Many goddesses of love and pleasure are also known as goddesses of war: Freya, Aphrodite, Ishtar. Is love and pleasure included in the change we want to enact? Are the animal needs of our bodies given due honor, or are they shamed and suppressed? Even a vow of abstinence must allow space for the energy of craving and lust, else those urges sneak out in unexpected and unfortunate ways. Denial of the needs and wants of the body is a poor foundation for a revolution.

Our bodies and instincts offer power to the vision. When aligned to a sense of purpose, the body can tolerate incredible adversity and deprivation, but it cannot escape its own basic needs. Instead of attempting to assert “mind over matter,” bring the mind into the body. Feel your creatureliness, your pleasures and pains. Invite your mind to truly know and inhabit the body. Breathe into the places of tension and resistance, letting yourself feel what is happening without commentary from the mind. Exhale, allowing that tension to ease and space to expand. Within the bones and muscles is power and stillness.

Dreaming the Impossible

The season shifts slightly after harshness, high expectations and demands and a lingering sense: “Is that all there is?” Outward conditions seem much the same, but our awareness begins to shift away from that sense of constriction to dreams of life as we think it should be. For some, that image of “life as it should be” is not a mere fantasy but a thing in itself, so obvious in its elegant workability that the failure of others to see so clearly leaves the dreamer feeling alienated.

Those dreams seem so tangible and real that one feels tempted to simply turn aside from the rote necessities and compromises of the world as it is and invest wholly in the dream, to push for a radical alteration in outer conditions to make possible the vision. “All I need to do is push, and others will see.” So fixated can we become on the change we want that we might begin to withhold from ourselves or others any information that complicates or undermines the effort, which in turn renders the effort more vulnerable to problems related to this information. Think of a politician striking out a bold new campaign with a secret lingering in their history, a secret they pray is never made known. Now the secret is a land mine waiting to go off, where the politician could consciously defuse the mine and control the narrative by revealing the secret in their own way.

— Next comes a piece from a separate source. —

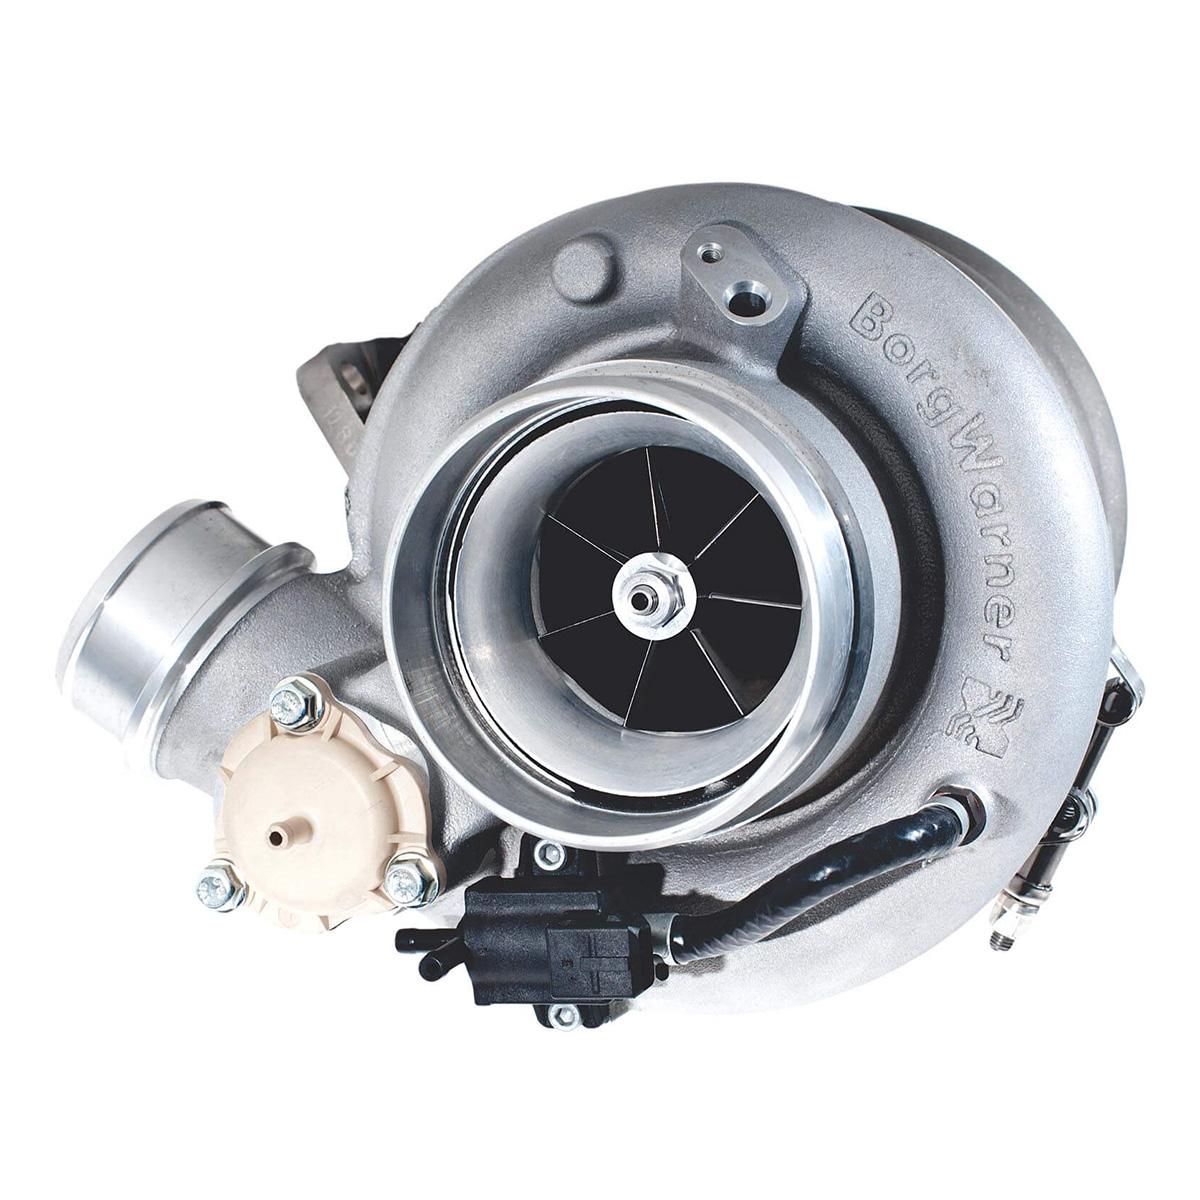 Shop Turbo Specific: BorgWarner EFR 8474 Turbocharger

Our beautiful imagined city could never exist in this world because the mind is capable of imagining infinite possibilities while removing inconvenient laws of nature or emotional realities from its estimation. When we allow ourselves to be seduced by an elegant and simple vision of humanity, we have likely neglected to account for important realities that will certainly crop up and interfere with the work. Others will rebel or dissent and their disagreements might make no sense to us. Many of the most heated intellectual arguments between people become fixed and unresolvable because they do not account for the underlying emotional complexities. Two people may essentially agree on a vision but stay stuck in their conflict because parts of them are afraid of being left out or oppressed if the other person “wins.”

We need our dreams, nevertheless, and our beautiful perfect fantasies to lift us from the morass of accepting life as it is, particularly when life as it is feels unworkable, unjust, or painful. Dreaming allows us to imagine possibilities that are not immediately practical. Dreaming accesses the spark of inspiration that feeds action and sets things into motion. What is within yearns to mix with what is without. When we risk putting our dreams and inspirations into a form, to bring them into being, then we begin the alchemical process of transforming self and world.

What vision of life have you not yet dared to dream? What kind of society would you want to enact? How can we begin to share our visions and hopes in a spirit of building coalition and spinning together a communal vision of possibility?